The Movie Waffler New Release Review [Cinema] - ONODA: 10,000 NIGHTS IN THE JUNGLE | The Movie Waffler

New Release Review [Cinema] - ONODA: 10,000 NIGHTS IN THE JUNGLE

Onoda: 10,000 Nights in the Jungle review
Unaware of the end of WWII, a Japanese soldier hides in the Philippines' jungle.

Review by Benjamin Poole

Directed by: Arthur Harari

Starring: Yuya Endo, Kanji Tsuda, Shinsuke Kato, Kai Inowaki, Issey Ogata, Taiga Nakano

Onoda: 10,000 Nights in the Jungle poster

Pssst, did you hear the one about the WW2 Japanese soldier stationed on some remote island who didn’t realise the war was over and carried on as a commander for decades labouring on under the erroneous impression that global conflict was still waging? Of course you did: it’s a popular modern folklore beloved of racists like Michael off Alan Partridge, a derisive embroidery retold in order to reinforce the superiority of the teller and to belittle ‘the other’.  In all honesty, I had dismissed the story as an absurd confection, but, as ever, it transpires that the truth is stranger than fiction: in Arthur Harari’s (with writing duties shared by Bernard Cendro and Vincent Poymiro) Onoda: 10,000 Nights in the Jungle the real-life experience of Hiroo Onoda (that very soldier), is recounted in an epic story exploring loyalty, duty and tragic fealty to authority. As it so often does when the facile dimensions of war legends are detailed and linked to the actual human beings involved, it turns out that the tale proper is at once inspiring, moving and heartrendingly futile.

Onoda: 10,000 Nights in the Jungle review

Onoda: 10,000 Nights in the Jungle’s plot is related across three intertwining time periods: Onoda’s training as a young solider, the initial posting to Lubang Island in the Philippines and early years of conflict, and the wilderness era of Onoda wandering the forests alone, fulfilling his sworn oath to emperor and country. The three are symbiotic as the actual reasons for Onoda’s fidelity to his role are not due, the film suggests, to ignorance of wider global events, but the pact he took to not surrender or take his own life. During the preliminary sequences of training, we see Onoda’s (played here by Yûya Endô) youthful verve and desire to serve his country ossify into airtight conditioning, a calcification of personality and absolute allegiance to the Japanese cause. A Japanese soldier ‘isn’t controlled by his stomach’, and instead his duty is to ‘die for the emperor’, as a drill instructor screams.

Onoda: 10,000 Nights in the Jungle review

As a lifelong pacifist and mistruster of authority, the credo rests uneasy with this reviewer (a theory: the reason why bad bunches triumph is their unthinking conviction in their awful beliefs, the necessary lack of perspective). Such pinko liberal thinking is entirely compounded by Onoda: 10,000 Nights in the Jungle’s mise-en-scene. When we arrive at the island, it is completely gorgeous. The frame fills with the deep, verdant colour of the Philippine jungle - a site of such calm and emotive beauty that you wonder how any unnatural violence could ever occur there. Of course, when Onoda and his platoon - a right Dad’s Army - rock up, they bring conflict along with them: blowing up bits of the island, menacing the peasant population, and attracting the carnage of allied strikes. The jungle enacts a slow but inexorable revenge, however, with the soldiers having to hard adapt to its wild terrains and treacherous facets. Across the course of what becomes a survivalist narrative of such dangers as typhoons, guerrilla fishermen and disease (a particularly meaty sequence sees wounds infected by maggots - ugh!), we witness, one by one, each of his compadres succumb, leaving Onoda (by now played by the older Kanji Tsuda) alone.

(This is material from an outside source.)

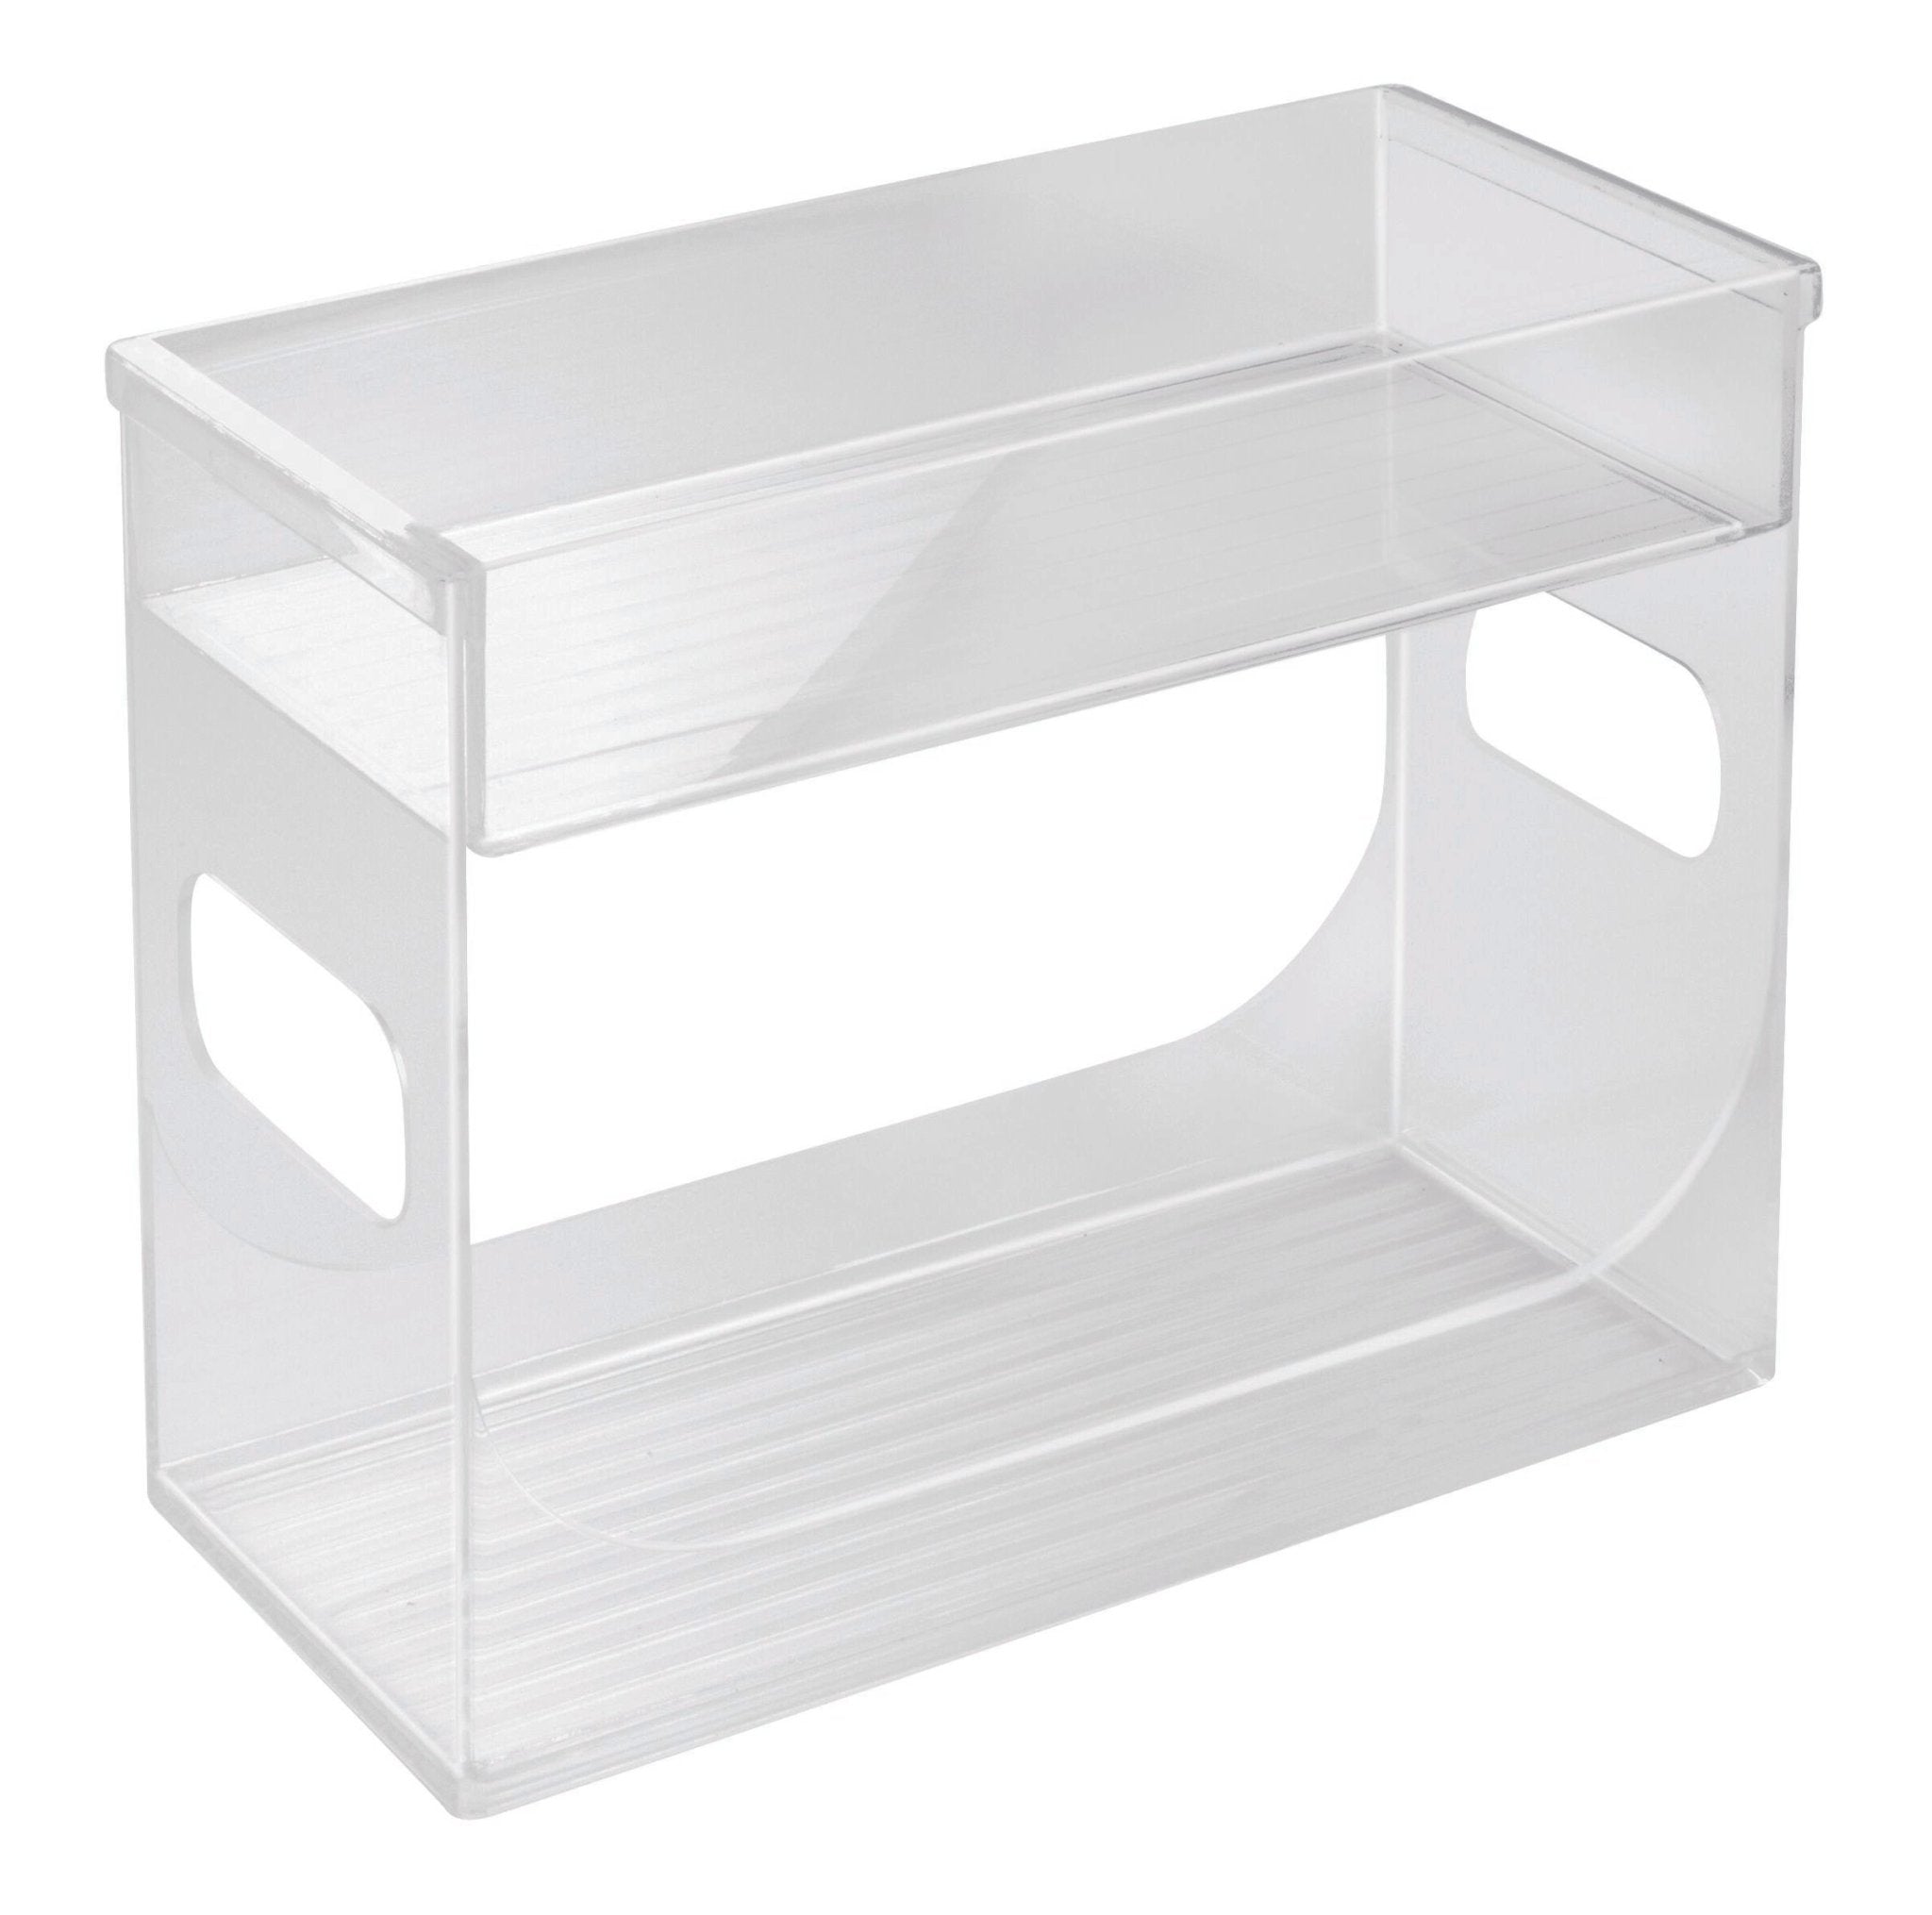 idesign binz - storage tank clear - on two levels - BINS AND BOXES
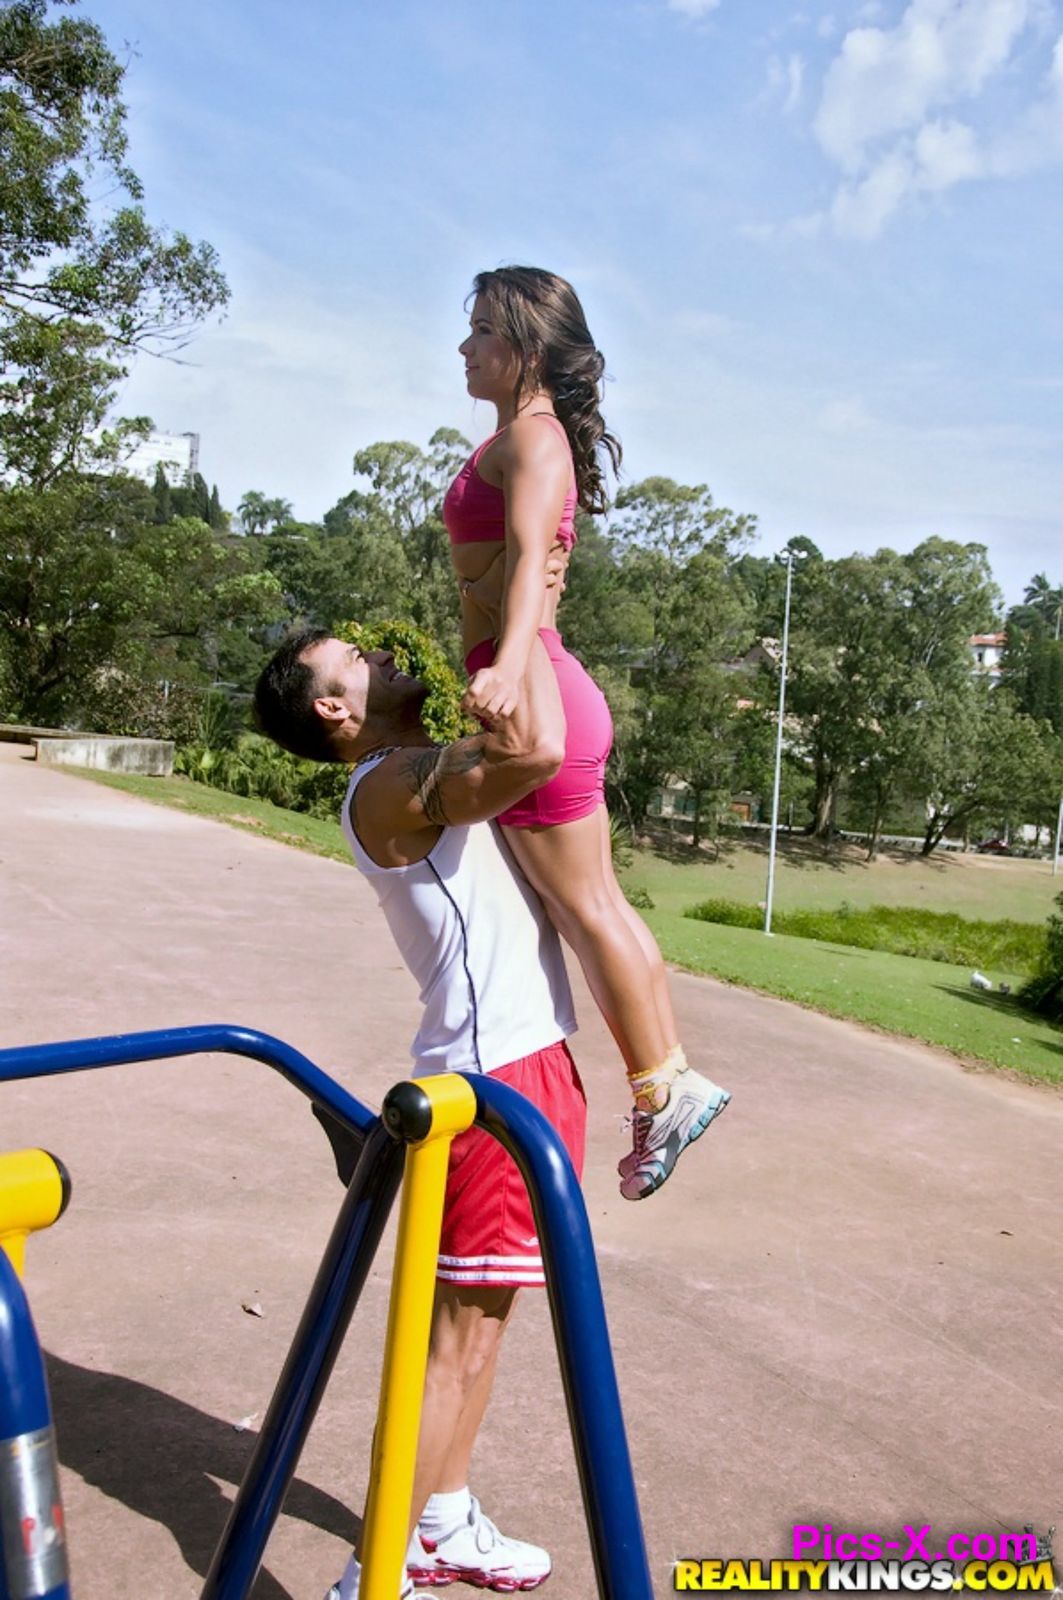 Complete Workout - Mike in Brazil - Image 34

Onoda: 10,000 Nights in the Jungle review

Onoda: 10,000 Nights in the Jungle’s three hours proves to be utterly riveting (and the extended running time is, of course, a necessary assimilation of the soldier’s enduring stretch in the jungle).  Harari is too judicious a filmmaker to invite bias, and duly tells the story of this poor, deluded young/old man with a thought-provoking objectivity. Exhausted, starved and waging a war that the rest of the world would rather put behind it, but if Onoda is not a soldier then what is he? His sense of duty has rotted into languid habit, an inevitable consequence of societal indoctrination: it is the only identity he has. His holdout nature reminds us of the aspects of wartime we would perhaps rather forgo when things are not as immediate. An individual desire to commit violence, and to willingly submit to authority under the false auspices of patriotism, with our sense of humanity long lost in the wilderness.

Onoda: 10,000 Nights in the Jungle is in UK cinemas from April 15th.